Even if we assume that tax enforcement doesn’t do anything, $367b is peanuts for the US government over a 10 year period. And assuming that tax enforcement would do nothing is ridiculous.

Build Back Better may well be a horrible piece of legislation that wants to do stupid things. Arguing against it on the basis of cost, when it’s designed as a reconciliation bill, though, is stupid. If it contains bad stuff, argue against the bad stuff. If you can’t do that then coming up with nonsense that will fool the rubes is not adding to the world. You’re just shooting yourself in the foot.

Quoting ridiculous numbers like $3 trillion when it’s a $2.2 trillion bill, and attributing that to the CBO when you can just Google the report and see it first damn thing that that ain’t what they said is wasting your own time. There are better things to do in life than repeating demagoguery that doesn’t help anyone.

Three quick thoughts. Inflation over 2 years is lower than over just the last year, so taking the current annual figure is a little alarmist. And most money in the economy is not “printed by the government” but in fact is created by banks, so stop blaming the government for everything. Finally, wage, price, and profit controls, especially, the latter two, can take care of inflation. Inflation is always and everywhere a political issue, not a monetary or fiscal problem, but the wealthy have more political influence than the rest of us.

Hi, Hellestal. I was really hoping you’d see this thread.

One small point.

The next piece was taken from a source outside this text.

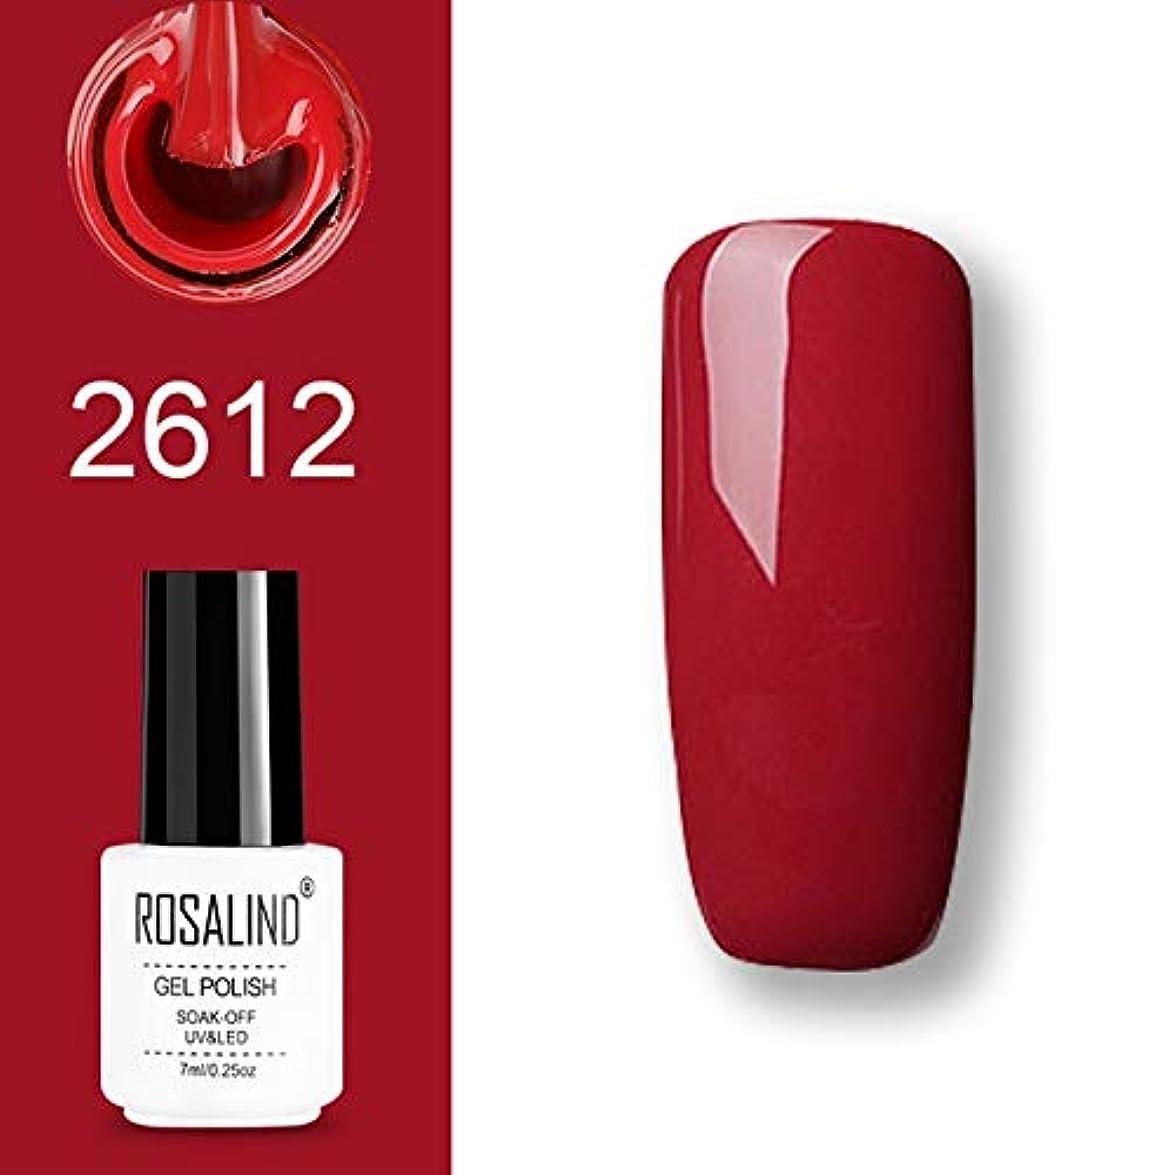 雰囲気霜電気陽性ファッションアイテム ROSALINDジェルポリッシュセットUV半永久プライマートップコートポリジェルニスネイルアートマニキュアジェル、容量:7ml 2612ピュアカラーネイルグルー 環境に優しいマニキュア
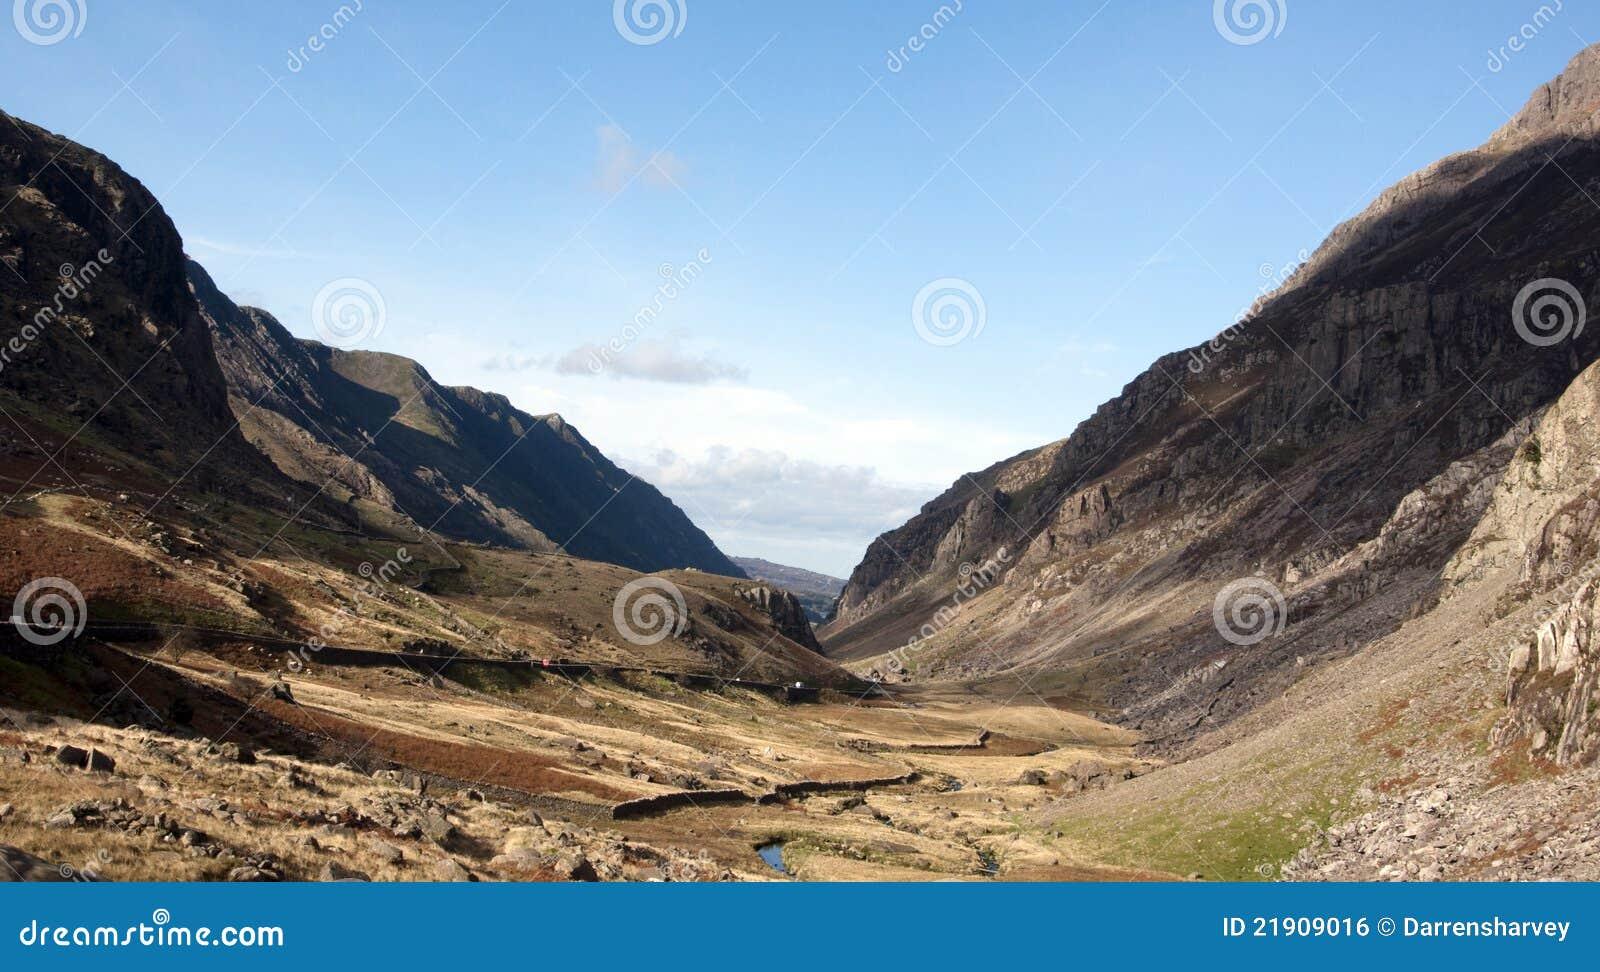 Passage de Llanberis dans Snowdonia Pays de Galles du nord

When I used the term “monetary policy” I was quoting Sam_Stone. He was using the term to include printing money, something that would invariably lead eventually to disaster. Since he starts this period in 2007, I feel safe in denying that disaster has ensued accordingly. (Obviously, the events of 2008 were long in developing and were not caused by printing money in 2007.) Kirshner’s article says "Milton Friedman famously proclaimed inflation is always and everywhere a monetary phenomenon.’” Sam is the one who is equating the two, not me. Me, I fully agree that times change, politics change, and the unforeseeable occurs, which is why I need to wait a year or so to study the consequences.

While you’re here, perhaps you could examine another point of difference between us. I quoted Kirshner as writing that “reams of studies—often undertaken by scholars eager to demonstrate the perilous dangers of inflation—have failed to show any real economic cost to inflation below levels of 20 percent per year, if not more.” Sam responded that “Anyone who thinks inflation of 7% is harmless, or even tolerable, is smoking something.”

Where is the line to be drawn?

Inflation over the last ten years is even lower, but no one uses this as a common metric. I try to print my own money but the government says I cannot. Controls are possible and politically unpopular, but are certainly have a political flavour. So does inflation. The government should perhaps plan carefully, avoid a quick overreaction and stop announcing new spending which is unprofitable.